Женщина была в отчаянии; она не могла исполнить единственное желание умершего — носить браслет из его волос.

Прошло несколько ночей, очень печальных ночей, в течение которых вдова бродила по дому скорее как тень, чем как живое существо.

Едва она ложилась спать или, вернее, едва начинала дремать, как правая рука ее немела, и она просыпалась, когда онемение словно доходило до сердца.

Оно начиналось от кисти, то есть с того места, где должен был находиться волосяной браслет и где она чувствовала давление, будто от слишком тесного железного браслета, и достигало, как мы сказали, сердца.

Казалось, умерший сожалеет таким образом о том, что его последняя воля не была исполнена.

Вдова так и восприняла эти загробные сожаления. Она решила вскрыть могилу, и если голова мужа острижена не догола, то собрать волосы и выполнить его последнее желание.

Никому не сказав ни слова о своем намерении, она послала за могильщиком.
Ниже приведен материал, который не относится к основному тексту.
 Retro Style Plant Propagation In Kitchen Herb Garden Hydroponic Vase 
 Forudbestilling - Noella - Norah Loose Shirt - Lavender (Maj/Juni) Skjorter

Но могильщик, хоронивший ее мужа, умер. Новый могильщик вступил в должность всего две недели назад и не знал, где находится та могила.

Тогда, надеясь на откровение и имея все основания верить в чудеса после двух видений лошади и всадника, после давления браслета, она одна отправилась на кладбище, села на холмик, покрытый свежей зеленой травой, какая растет на могилах, и стала призывать какой-нибудь новый знак, чтобы она могла бы начать свои поиски.



На стене кладбища была нарисована Пляска смерти. Увидев среди них Смерть, женщина долго и пристально смотрела на нее — одновременно насмешливую и страшную.

И вот ей показалось, что Смерть подняла свою костлявую руку и пальцем указала на одну из последних свежих могил.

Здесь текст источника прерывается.